The 1971 income tax increase reversed a decades-long strong growth trend
and left Arkansas with the highest income tax rate among bordering states
(Mississippi, Missouri, Louisiana, Oklahoma, Tennessee and Texas).
Income Stagnation: The 1930s
One has to turn to the 1930s-the decade of the Great Depression-to find
weaker income growth than in recent years.
Arkansas per capita personal income was 44 percent of the U.S. in 1929,
the first year data was compiled in the BEA time series. The Great Depression
started that year, and by the time it ended in 1933 Arkansas per capita
income had fallen to 41 percent of the U.S. By decade's end (1939) it
had returned to 44 percent.
Growth Decades: The 1940s, 1950s & 1960s
Arkansas per capita income increased as a percentage of the U.S. in the
next three decades.
In 1941, at the onset of World War II, Arkansas per capita income was
47 percent of the U.S. It was 59 percent at war's end in 1945 and again
in 1949. It was 56 percent in 1950, 62 percent a decade later in 1960,
and 68 percent in 1969. If this growth rate had continued Arkansas would
have exceeded 100 percent of the U.S. average in the current decade (2000-2009).

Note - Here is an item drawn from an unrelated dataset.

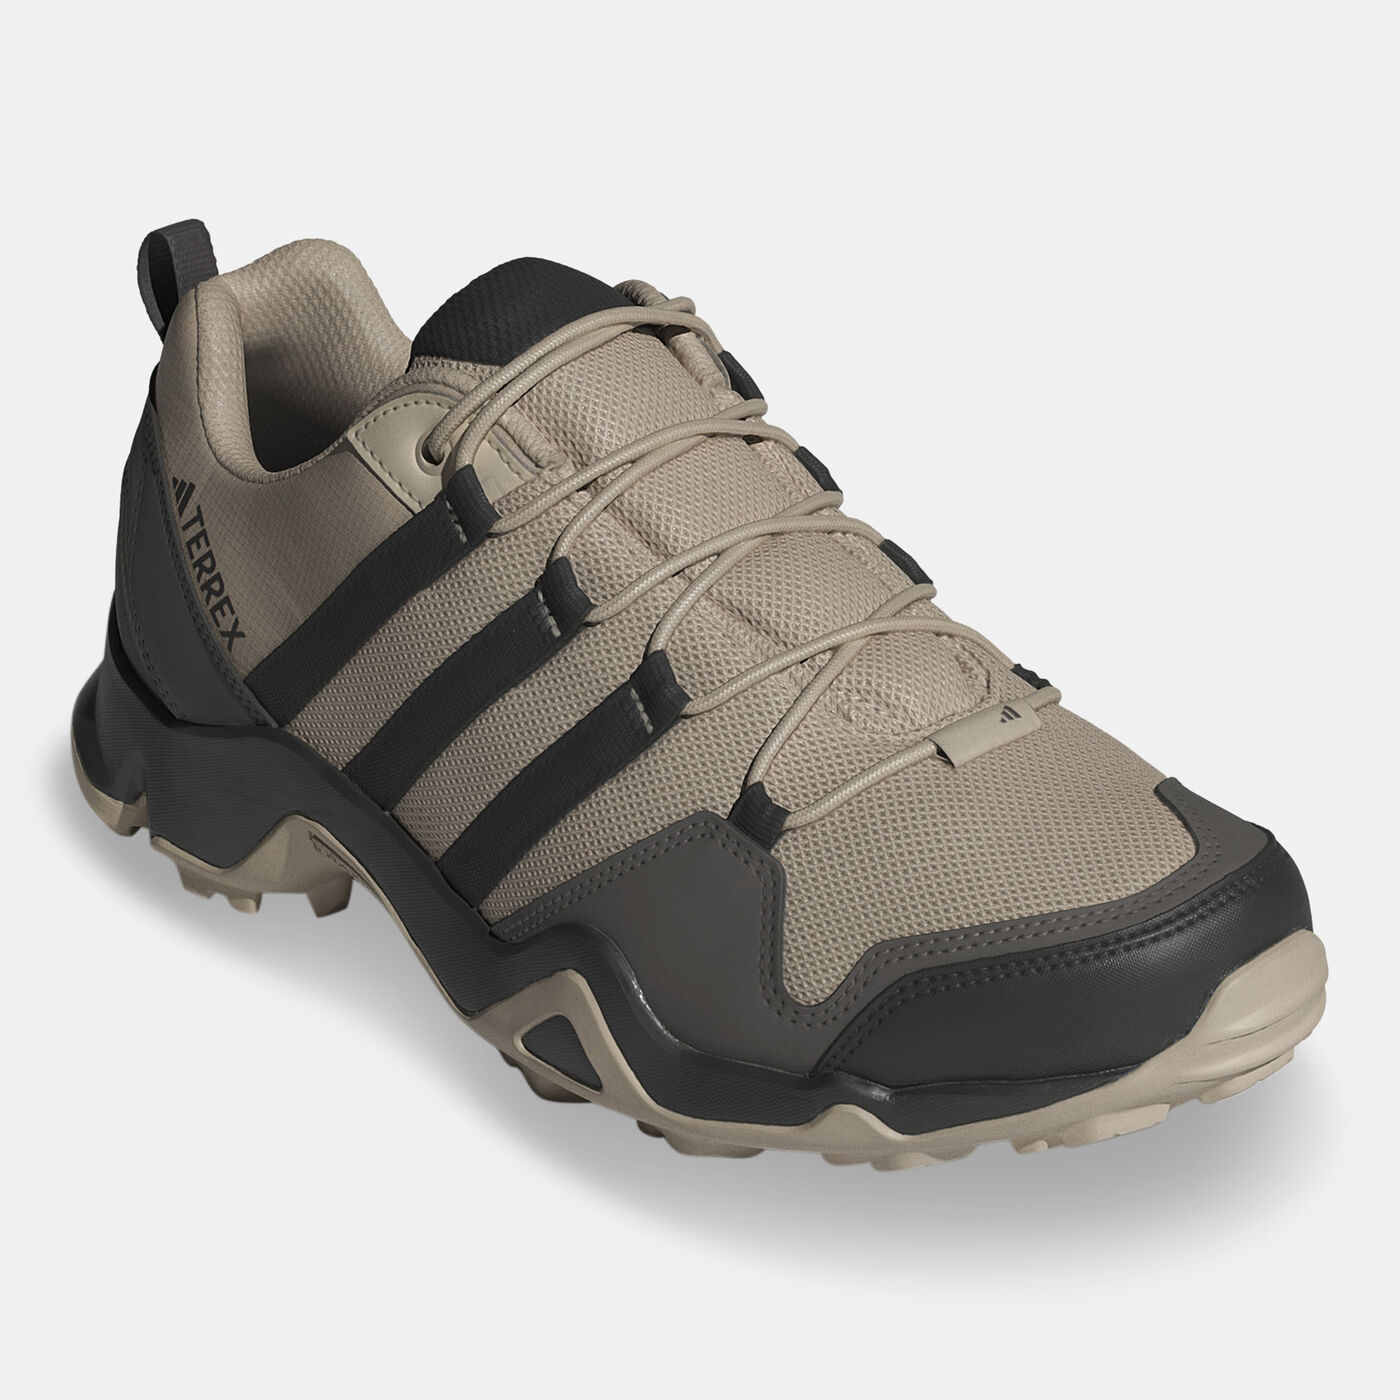 Men's AX2S Hiking Shoes

To summarize, Arkansas per capita income increased from 44 to 71 percent
of the U.S. total between 1939 and 1971.
Anemic Income Growth (1971-2005)
The trend in recent decades is anemic growth in Arkansas per capita personal
income. Fiscal policy changes effect economic behavior with a time lag.

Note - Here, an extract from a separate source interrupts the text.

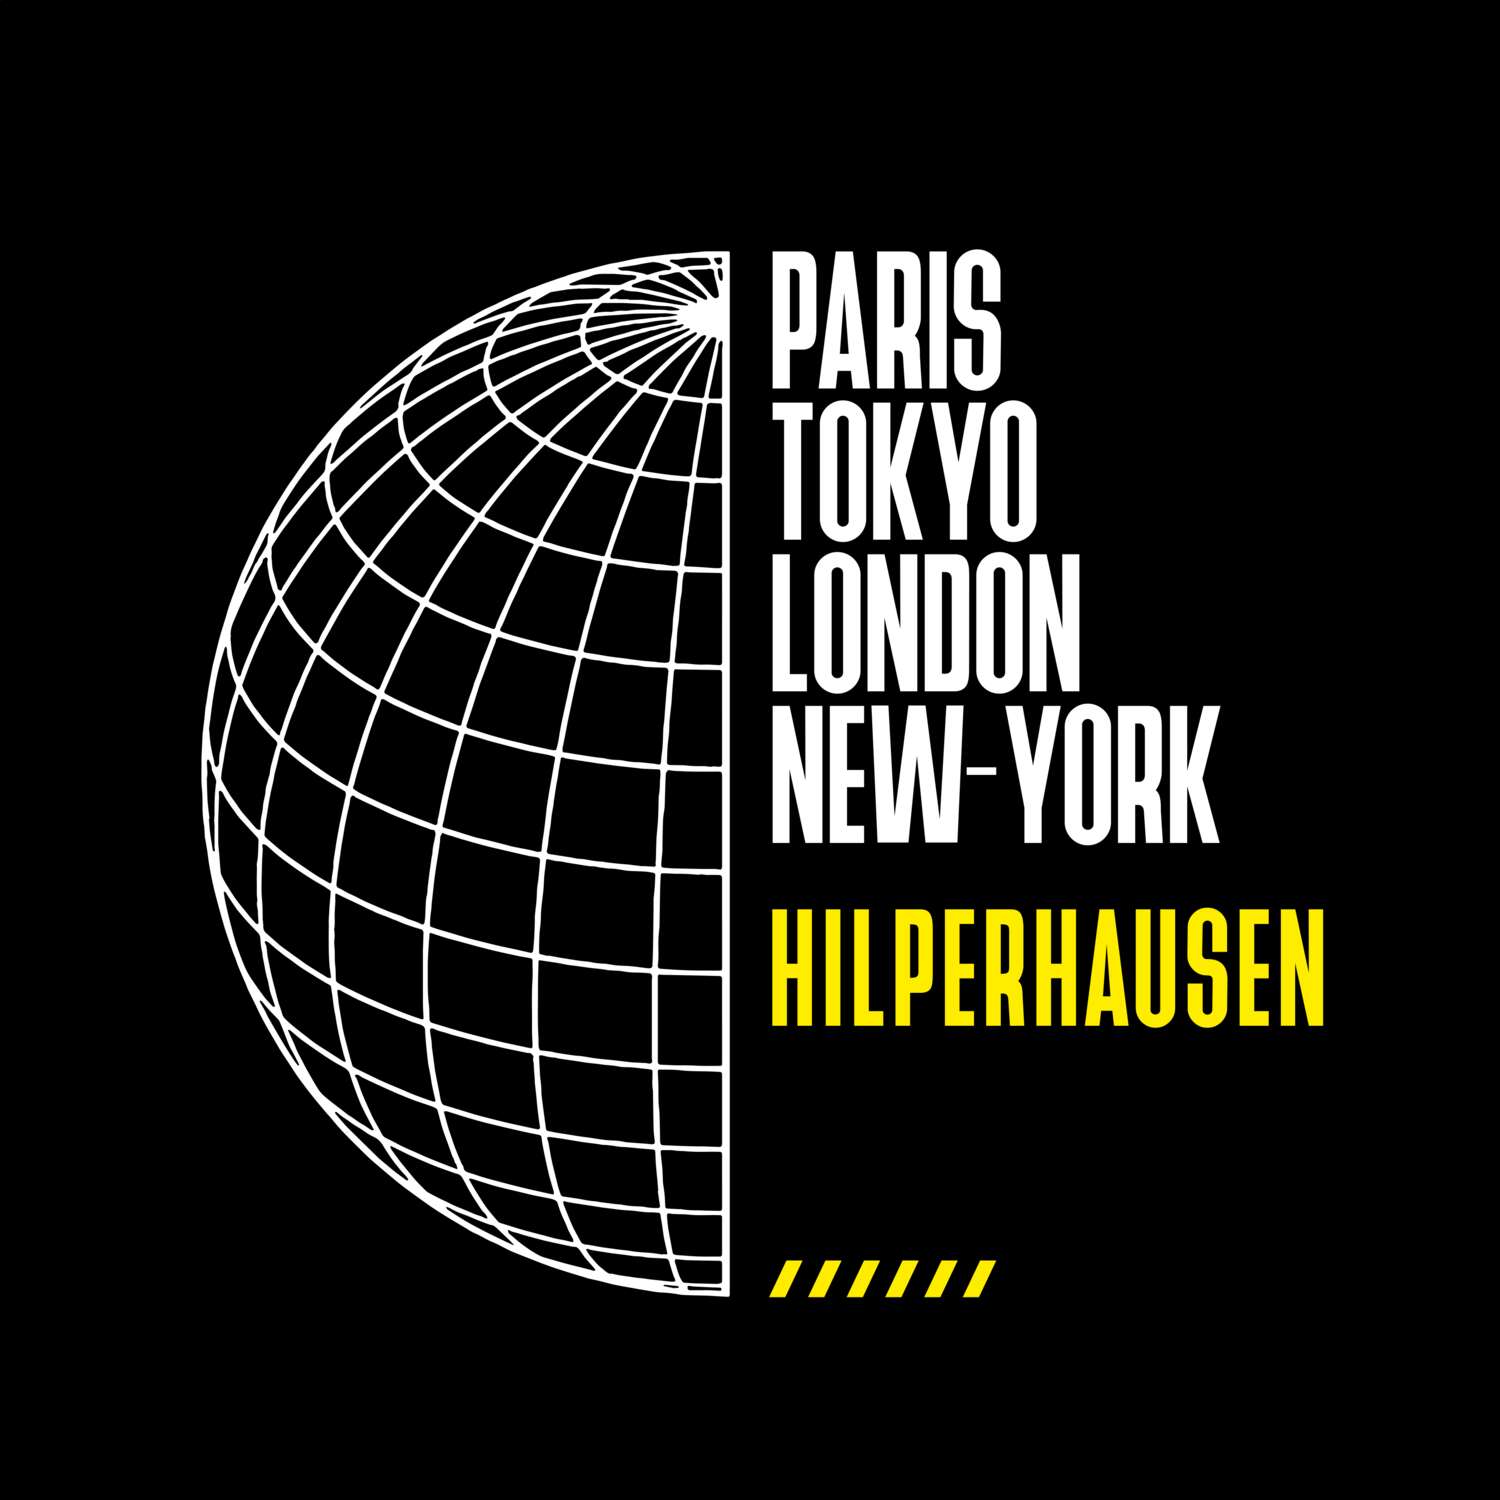 Hilperhausen T-Shirt »Paris Tokyo London«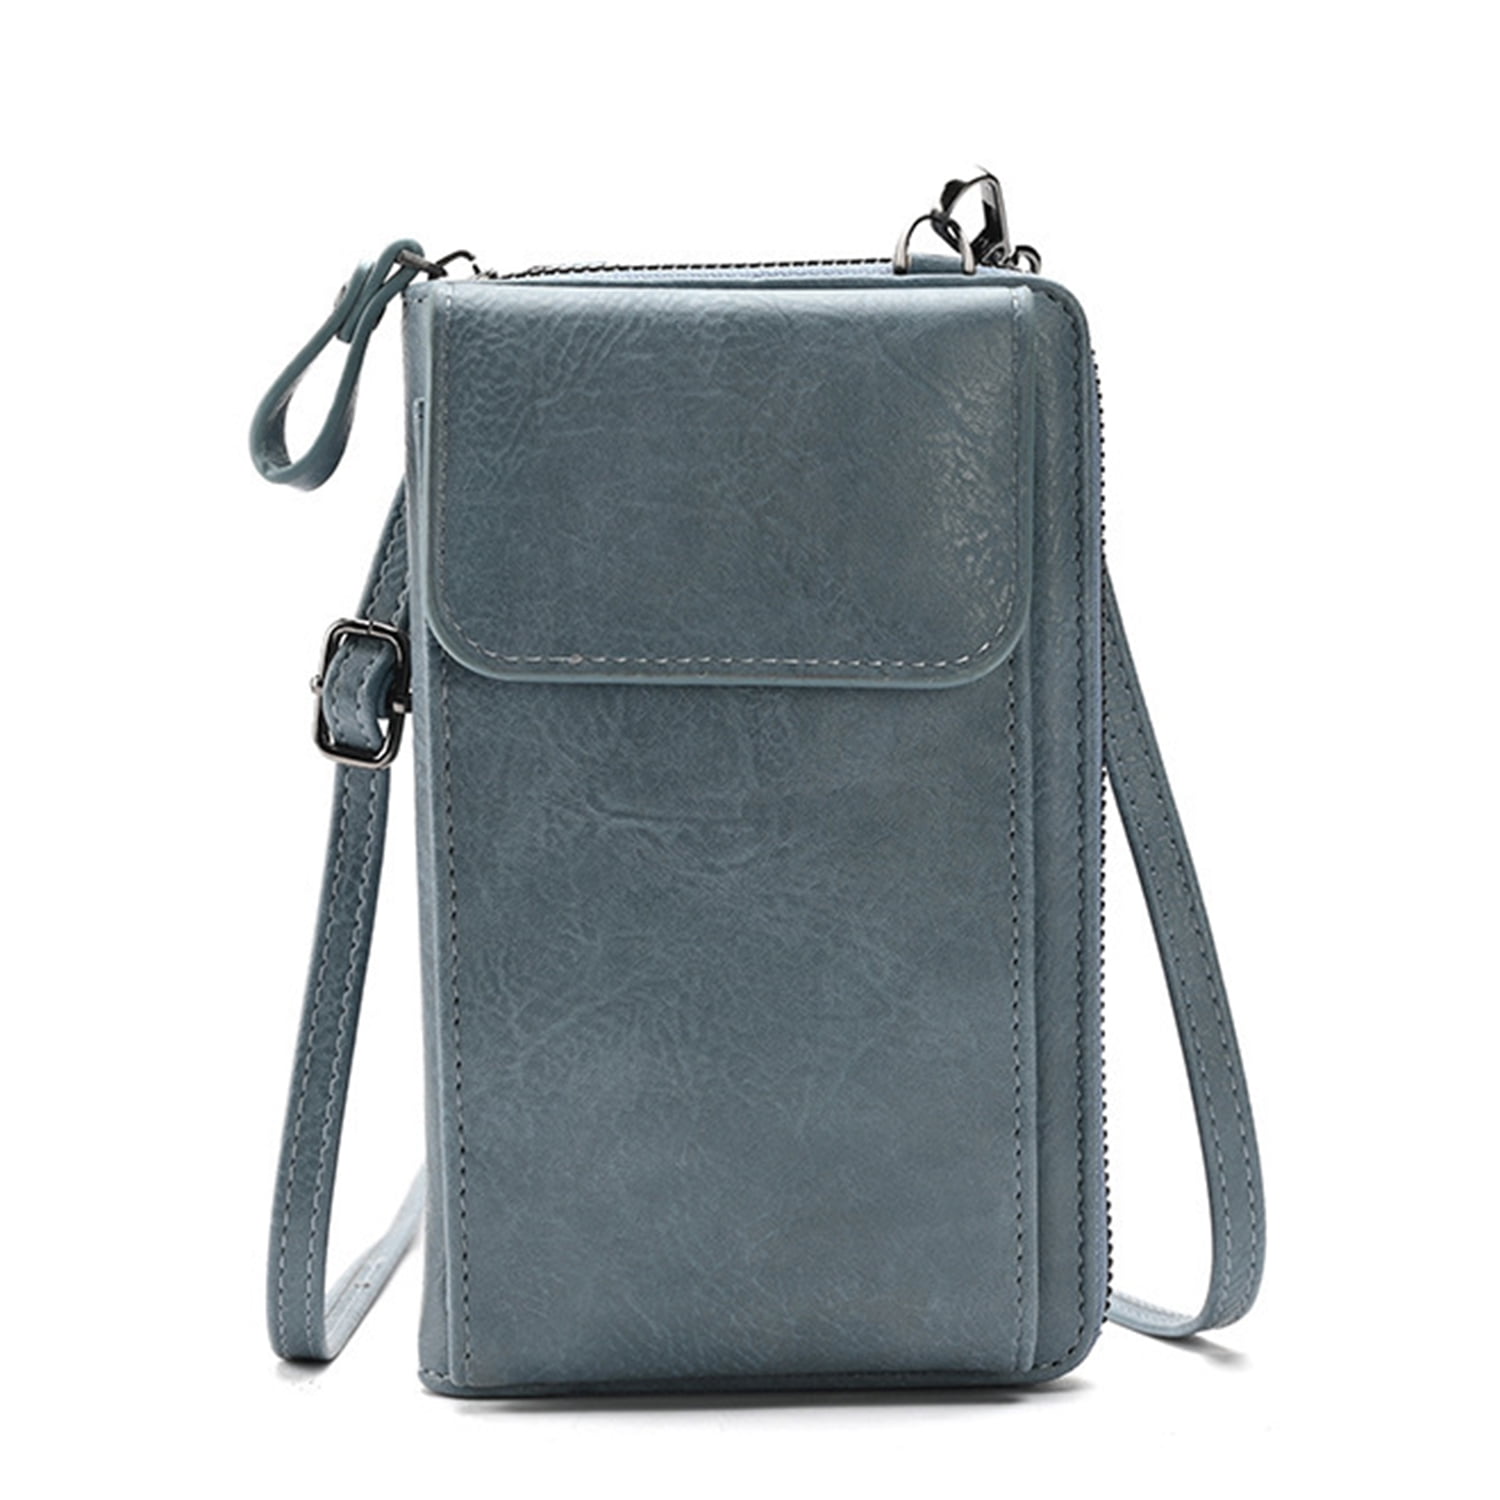 Cross Body Bag - Small Handbags & Shoulder Bags With Adjustable

Arkansas per capita income was 71 percent of the U.S. in 1971 and 76 percent
in 1973. Income growth stagnated for the rest of the decade, reaching
77 percent of the U.S. in 1979. It fell to 75 percent in 1989, and was
76 percent in 1999. Today, Arkansas per capita income, at 77.7 percent
of the U.S., is barely above its high point of the 1970s.
- Greg Kaza
1 Gov. Bumpers' originally proposed increasing the
top income tax rate from five to nine percent (Arkansas Gazette, March
1 and 4, 1971). The measure fell short of votes in the General Assembly,
forcing a compromise that still left Arkansas with the highest top income
tax rate (7 percent) among its six neighboring states.